* [PROBLEM TO SOLVE]: Give back exactly the lines of the data below, starting with the line that has "Độc đáo với" and going on through the line that has "新世界の射窓 No64日本ギャル登場か?ハイヒール大特集! ギャル盗撮映像".

* [MATERIALS PROVIDED]:
________________

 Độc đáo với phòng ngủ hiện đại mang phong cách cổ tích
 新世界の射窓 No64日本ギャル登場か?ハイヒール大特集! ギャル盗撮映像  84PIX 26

________________

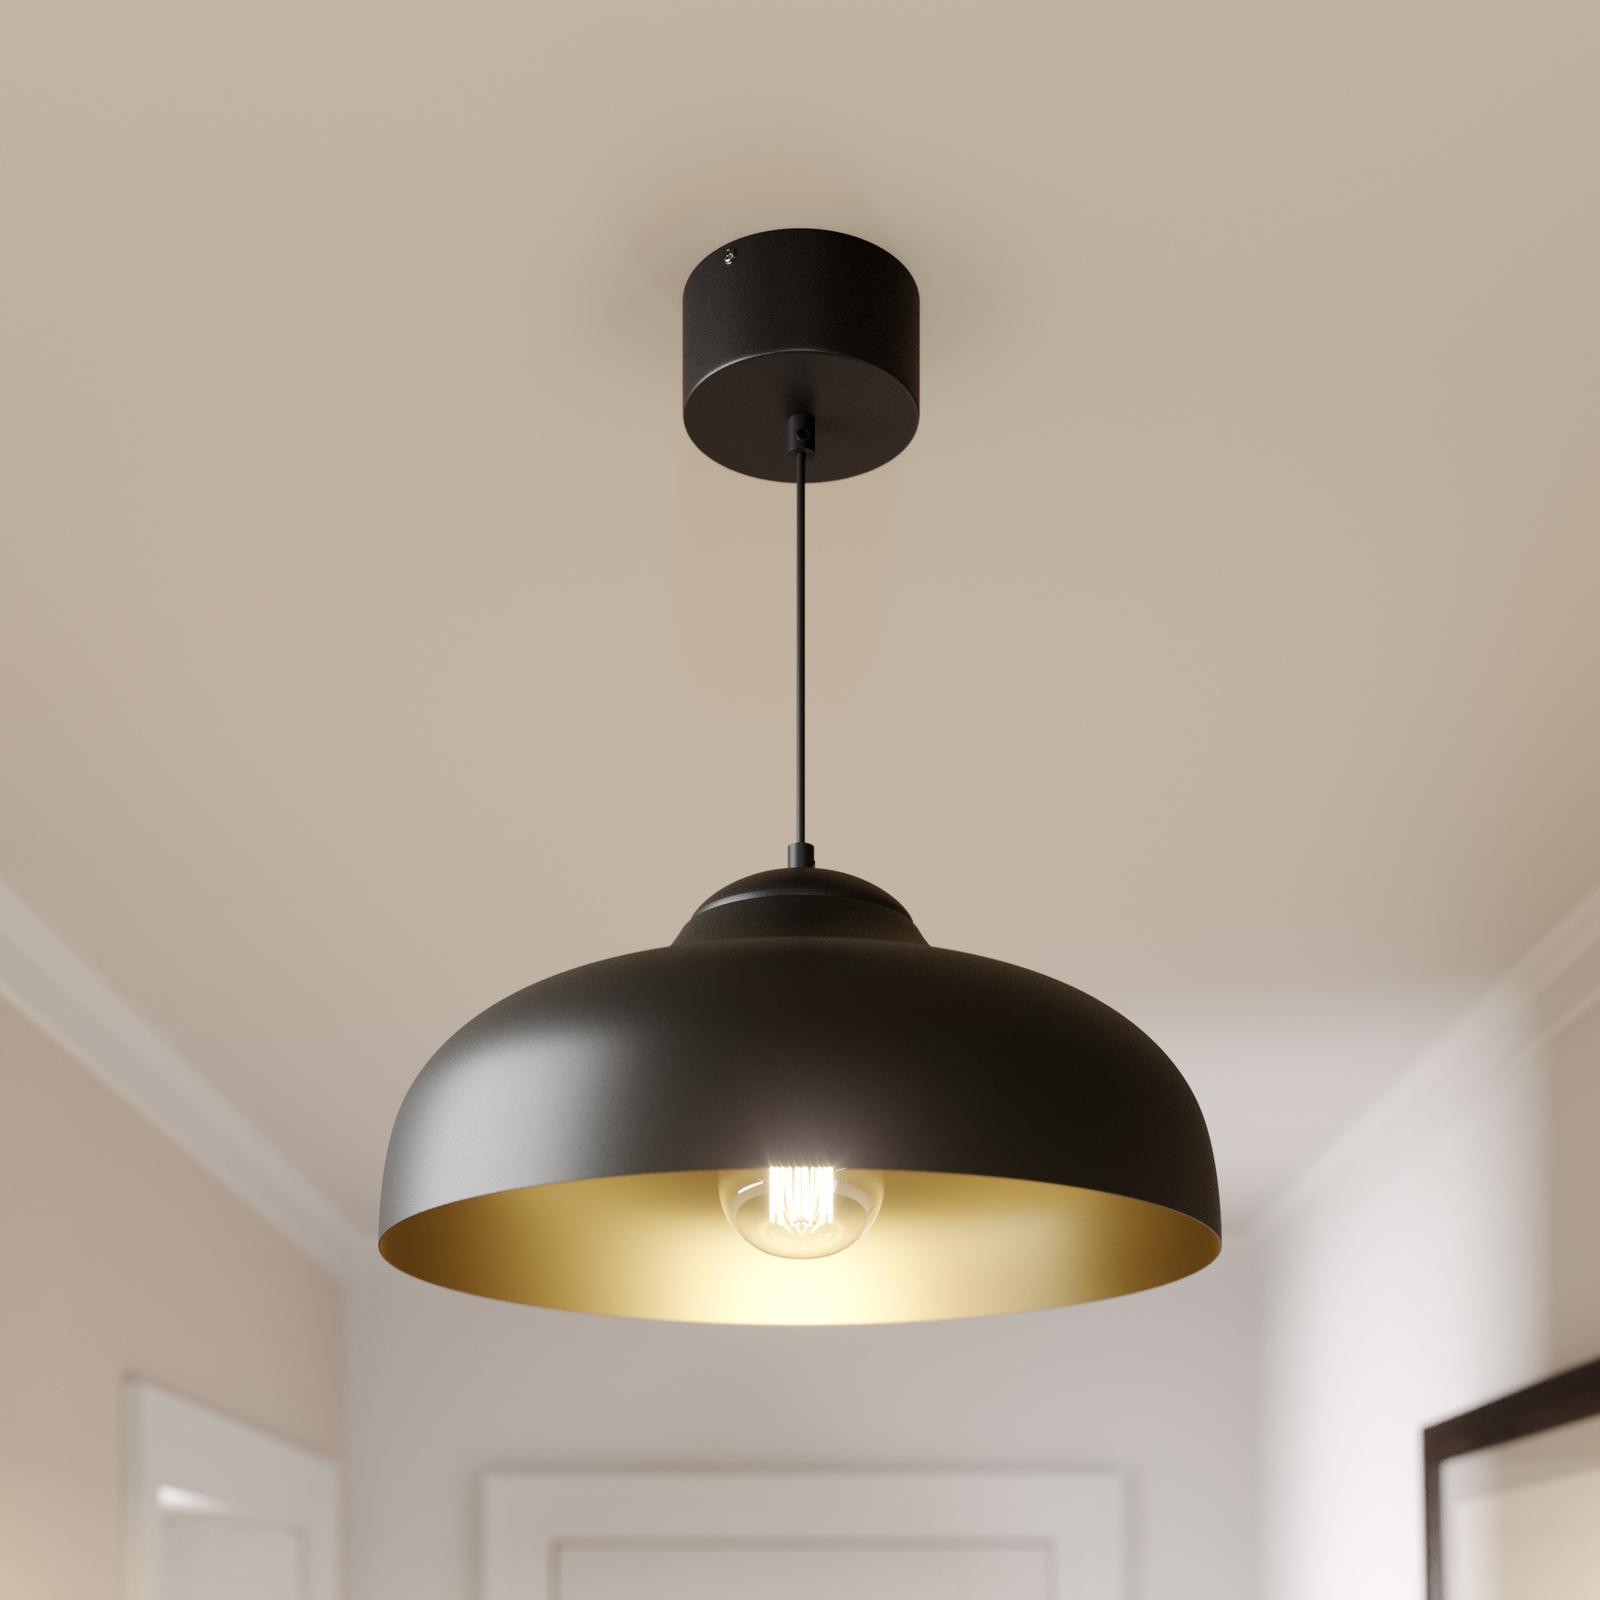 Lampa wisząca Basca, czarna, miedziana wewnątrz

________________

* [RESPONSE FOR THIS EXERCISE]:
 Độc đáo với phòng ngủ hiện đại mang phong cách cổ tích
 新世界の射窓 No64日本ギャル登場か?ハイヒール大特集! ギャル盗撮映像  84PIX 26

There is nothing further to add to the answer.